# Linear Functional

• Apr 22nd 2010, 12:09 PM
ejgmath
Linear Functional
I need to show that a linear functional $\displaystyle \alpha_v$ on a Hilbert space $\displaystyle H$ defined by $\displaystyle \alpha_v(w)=<w,v>$ has operator norm $\displaystyle \|\alpha_v\|_{op}=\|v\|$.

I have already shown by the Cauchy Schwarz inequality that $\displaystyle \|\alpha_v\|_{op}\leq\|v\|$.

I think now I need to show that $\displaystyle \|\alpha_v\|_{op}\geq\|v\|$.

Any help would be great, Thanks
• Apr 22nd 2010, 12:27 PM
Focus
Quote:

Originally Posted by ejgmath
I need to show that a linear functional $\displaystyle \alpha_v$ on a Hilbert space $\displaystyle H$ defined by $\displaystyle \alpha_v(w)=<w,v>$ has operator norm $\displaystyle \|\alpha_v\|_{op}=\|v\|$.

I have already shown by the Cauchy Schwarz inequality that $\displaystyle \|\alpha_v\|_{op}\leq\|v\|$.

I think now I need to show that $\displaystyle \|\alpha_v\|_{op}\geq\|v\|$.

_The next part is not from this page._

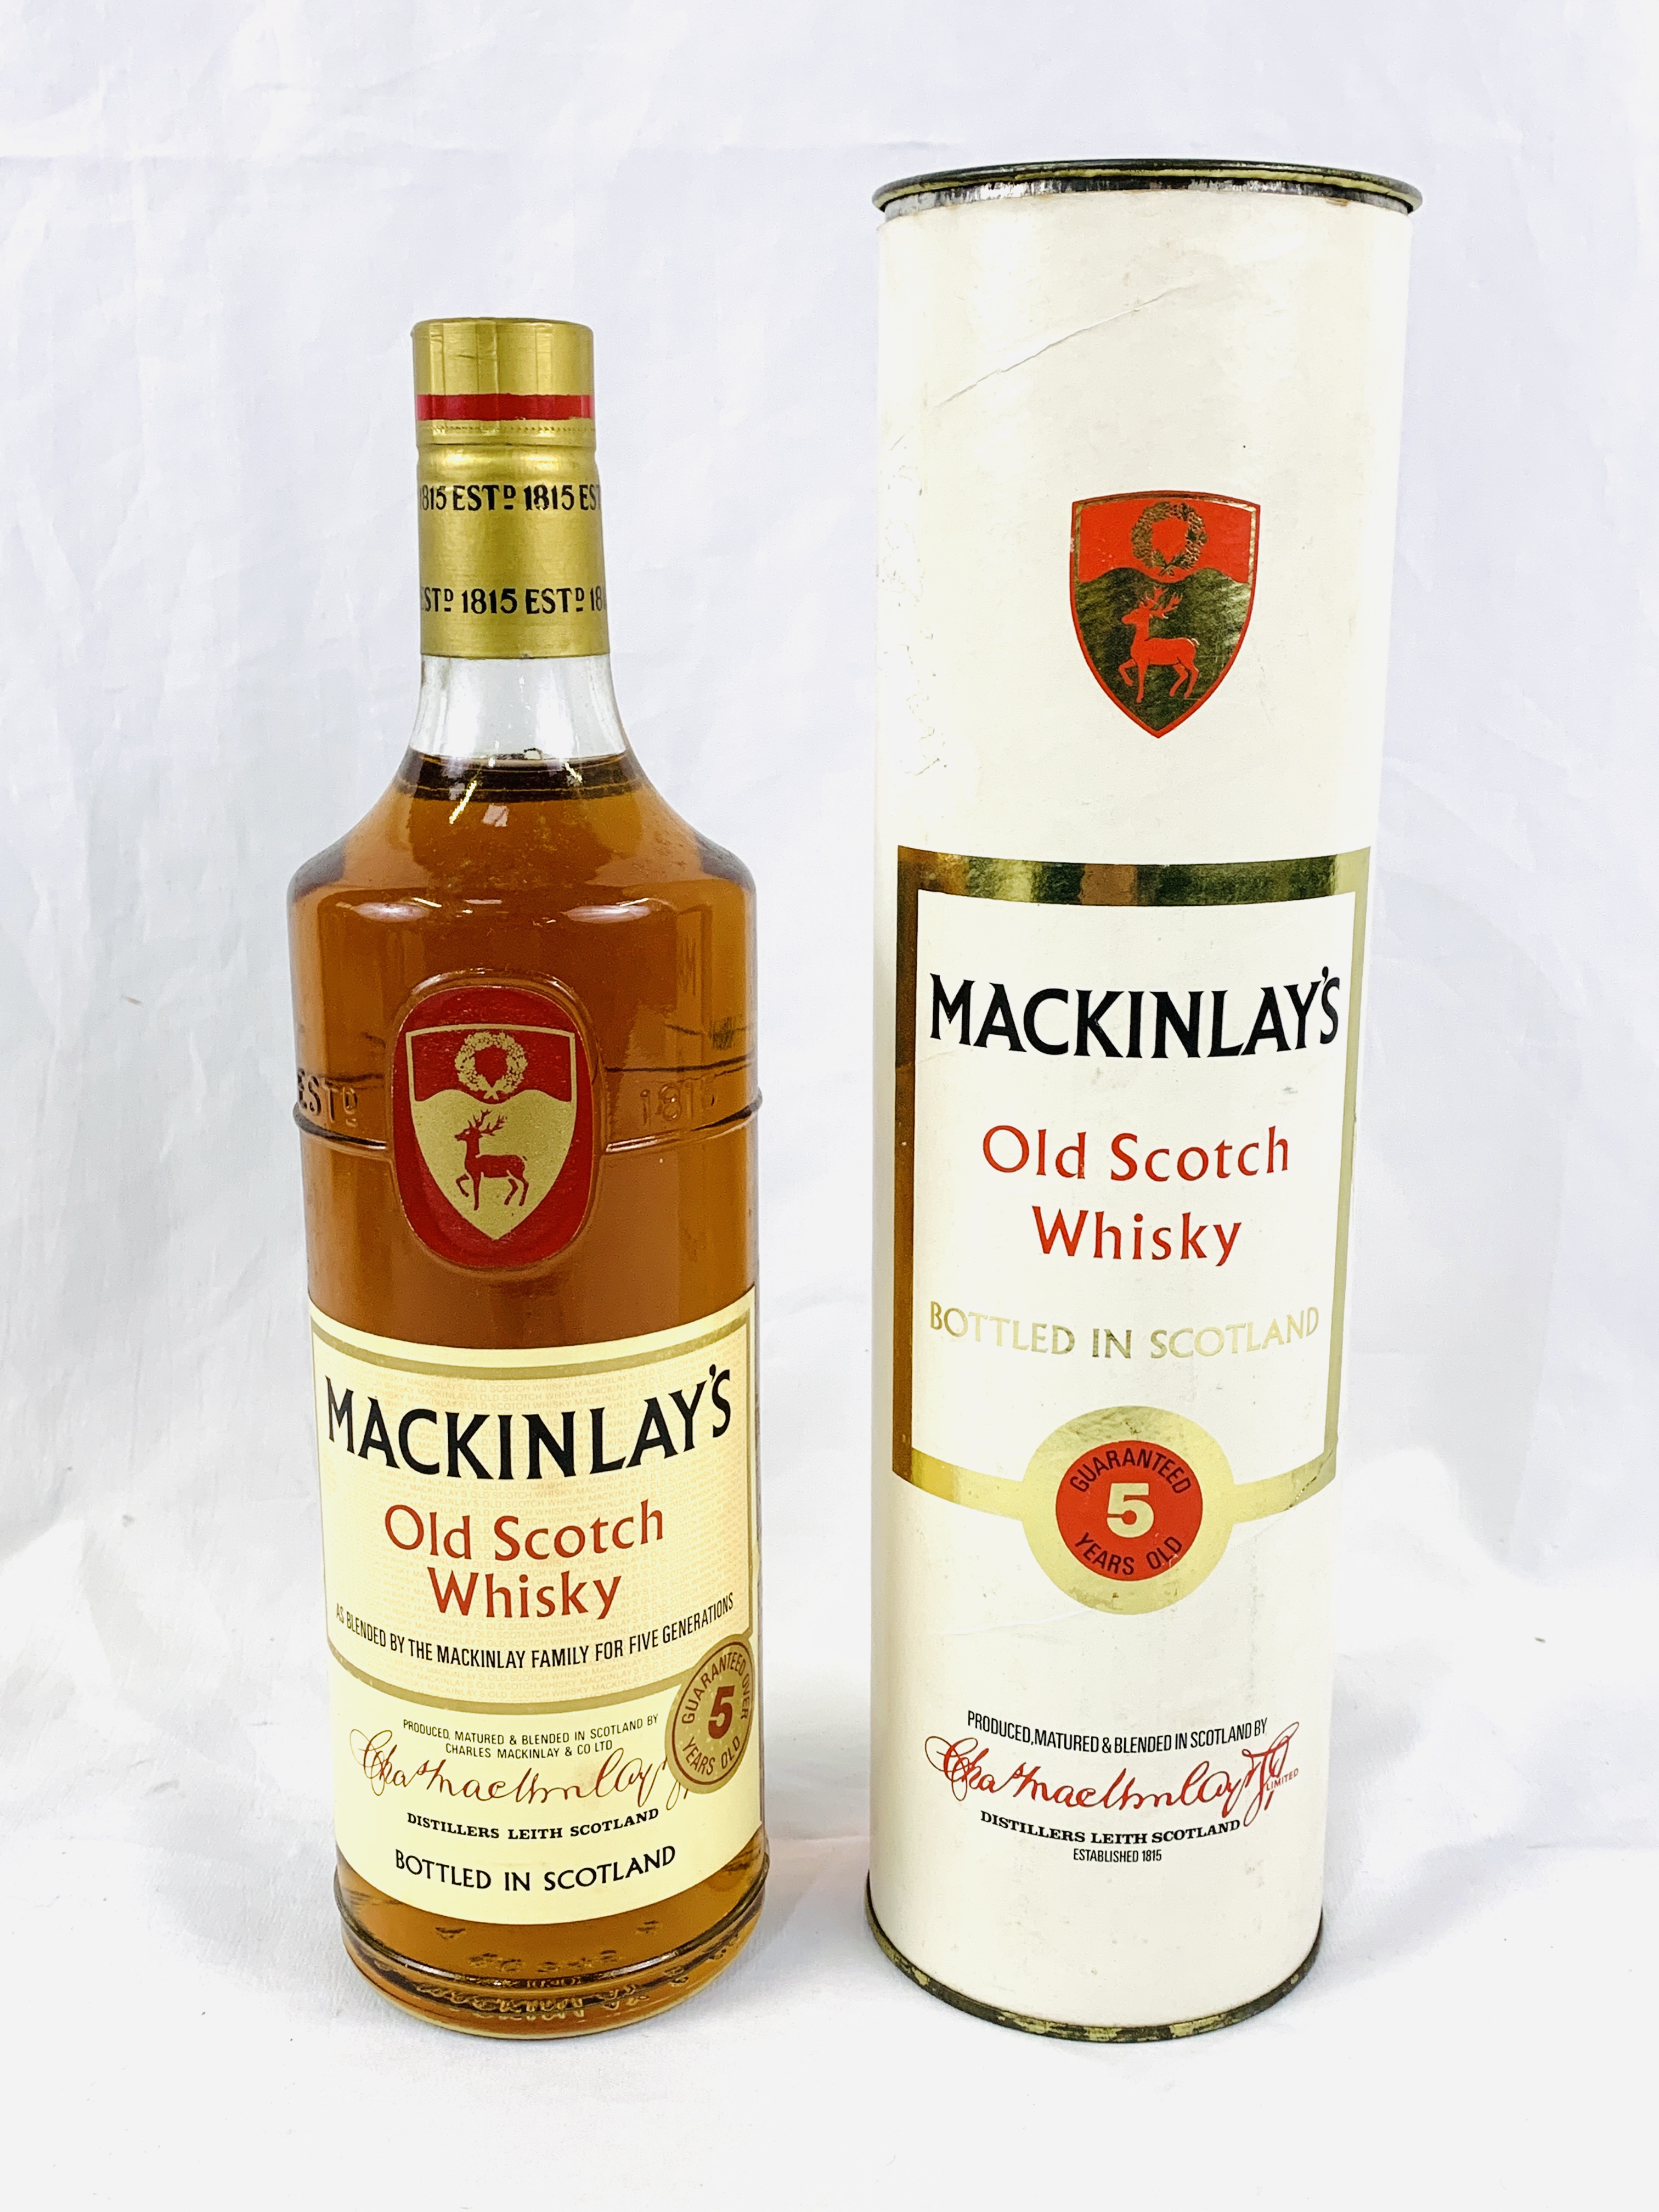 Bottle of Mackinlay's whisky over 35 years old.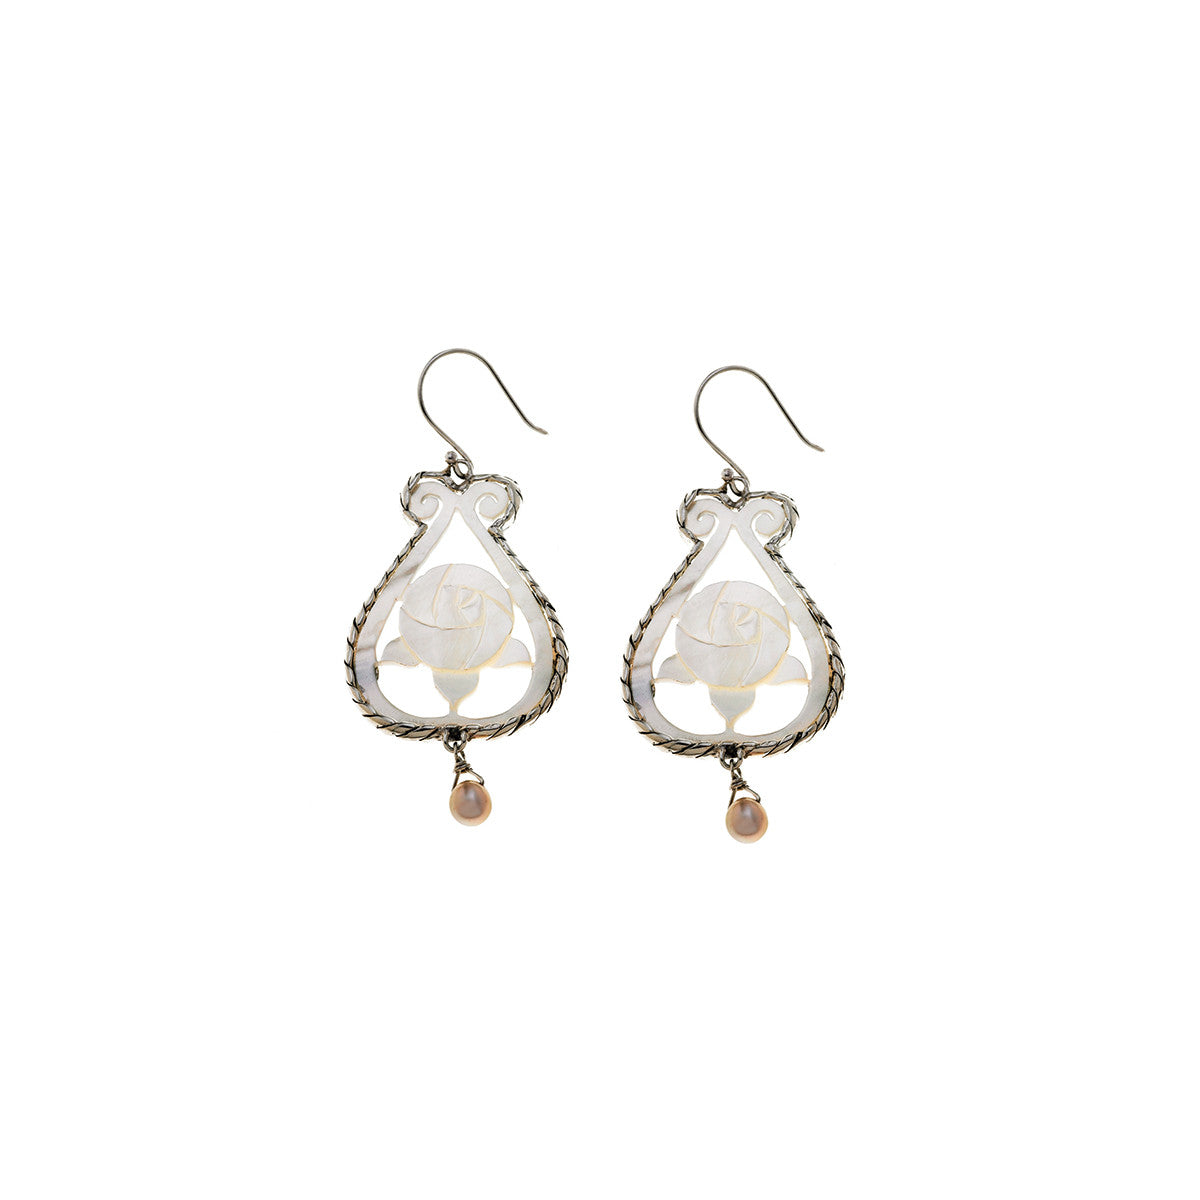 Orient Fleur Rose Sterling Silver Pearl Drop Earring - Cynthia Gale New York Jewelry

Any help would be great, Thanks

Tip, plug in $\displaystyle v/||v||$.
• Apr 22nd 2010, 12:41 PM
ejgmath
Into where, can you elabourate?
• Apr 22nd 2010, 01:47 PM
Focus
Quote:

Originally Posted by ejgmath
Into where, can you elabourate?

Into $\displaystyle \alpha_v$. What you want is $\displaystyle \alpha_v(x)=||v||$ for some x with $\displaystyle ||x|| \leq 1$, which precisely shows the inequality you are looking for (as $\displaystyle ||\alpha_v||:=\sup \{|\alpha_v(x)|: ||x|| \leq 1 \}$ ).